1.2 Scope of This Work:
The Project is designed to classify and identify a online data containing Arabic characters using two pace approaches. In the first phase the data as a Arabic character was retrieved from tablets and used some preprocessing steps over the characters like smoothing, tinning etc using Matlab, and in the other phase is feature extraction and recognition. In phase we can get some of the feature of the character like strokes identification starting point ending point's etc, and in recognition by comparing this features with original images using some technique we can recognize the characters.
1.2 Objectives and Applications of This Work:
Handwritten Arabic character Recognition (HACR) is a useful way of mobile communication with computing devices like computers or laptops etc. HACR expends the knowledge to a new approach; the cursive script of Arabic and other language like Urdu Farsi of become available in computing.
The most important objective of HACR is to make computing device to understand human writing or human activities. in character recognition are used in the automation process due to which man and computer interaction are improved.
The interaction of man and machine are in lot of application like banking sector
The ultimate goal of character recognition is to conjure up the human reading capabilities. It is used in data entry operation like e-book shops, data warehouses. Document identification, archives libraries shipment receipt processing and many other uses
Handwritten Character Recognition:
Since the beginning of writing as a form of communication, paper prevailed as the medium for writing. Electronic media is replacing paper with time. Because it preserves space and is fast to access, electronic media are constantly gaining esteem. The convenience of paper, its pervasive used for communication and archiving, and the quantity of information already on paper, press for quick and accurate methods to automatically read that information and adapt it into electronic form [Albadr95].
The latent application areas of automatic reading machines are numerous. One of the earliest, and most thriving, applications is sorting checks in banks, as the volume of checks that circulates daily has proven to be too huge for manual entry. Other applications are detailed in the next section [Govindan90, Mantas86].

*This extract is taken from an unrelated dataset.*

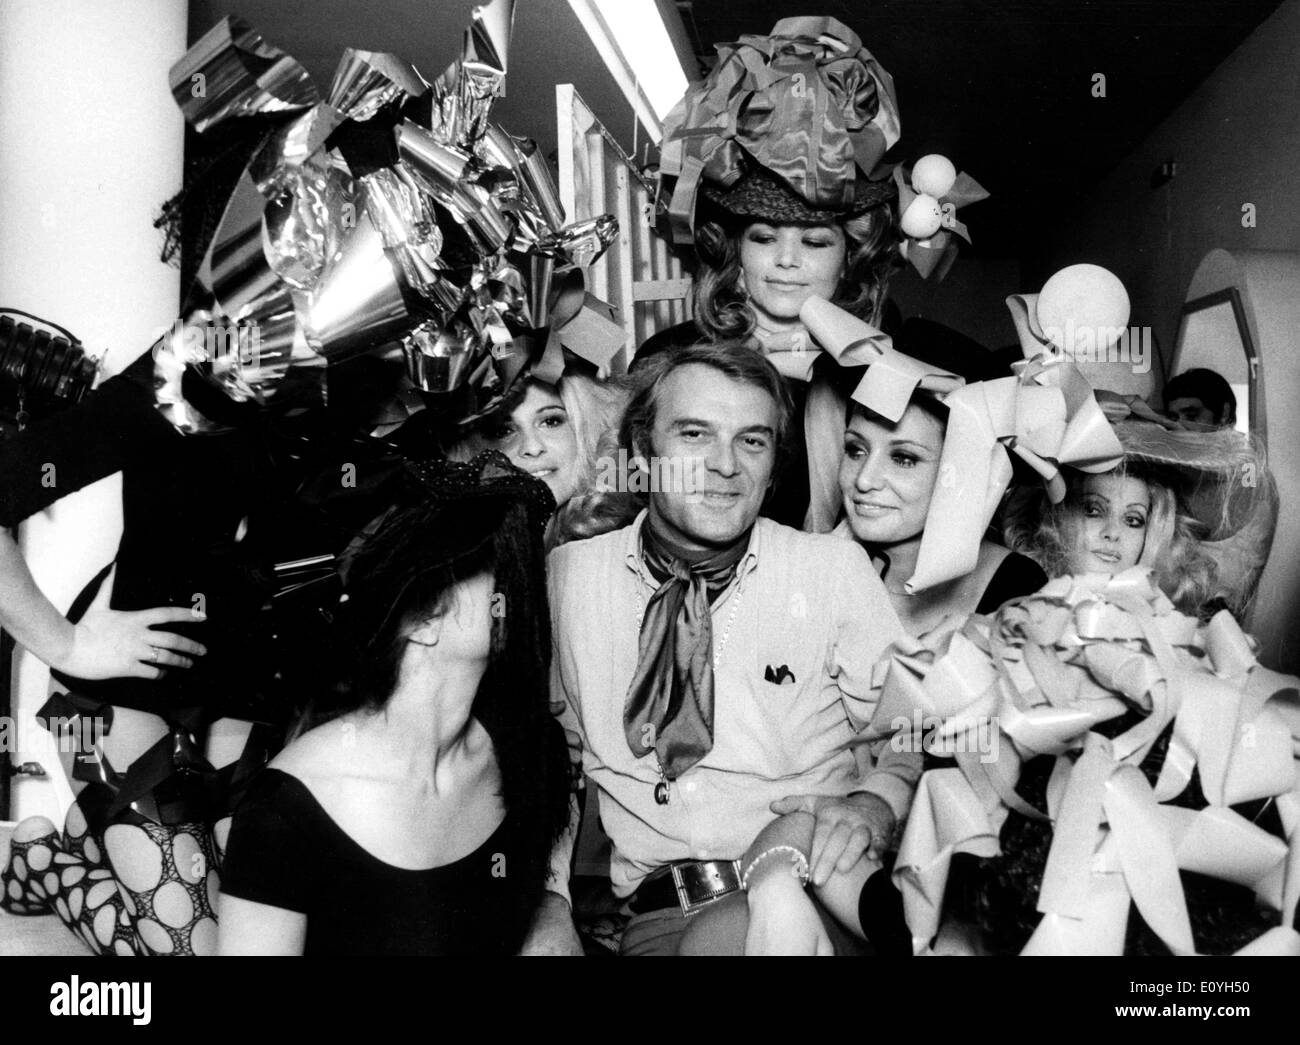 14 mai, 1970 ; Rome, Italie, le célèbre acteur italien Giorgio ALBERTAZZI, célèbre pour son rôle dans 'Dr. Jeckill' TV Play, dirige son premier film 'Gradiva' dans lequel apparaît une foule de belles filles. La photo montre Giorgio encerclé par les filles. Banque D'Images

The machine imitation of human reading (i.e. handwritten character recognition) has been the subject of widespread research for more than five decades. Character identification is pattern recognition application with a crucial aim of simulating the human reading capabilities of both machine printed and handwritten cursive text. The currently available systems may interpret faster than humans, but cannot reliably read such a wide diversity of text nor consider context. One can say that a great quantity of further effort is required to, at least, narrow gap between the machines learning and human understanding capabilities. The practical significance of HCR applications, as well as the interesting nature of the HCR problem, has lead to great research interest and assessable advances in this field. Now, commercial HCR systems for Latin characters are commonly accessible on personal computers achieving recognition rates above 99% [McClelland91, Welch93]. Further, systems on the market can now interpret a variety of writing styles (e.g., hand-written, printed Omni-font), and character sets including Chinese, Japanese, Korean, Cyrillic, and Arabic.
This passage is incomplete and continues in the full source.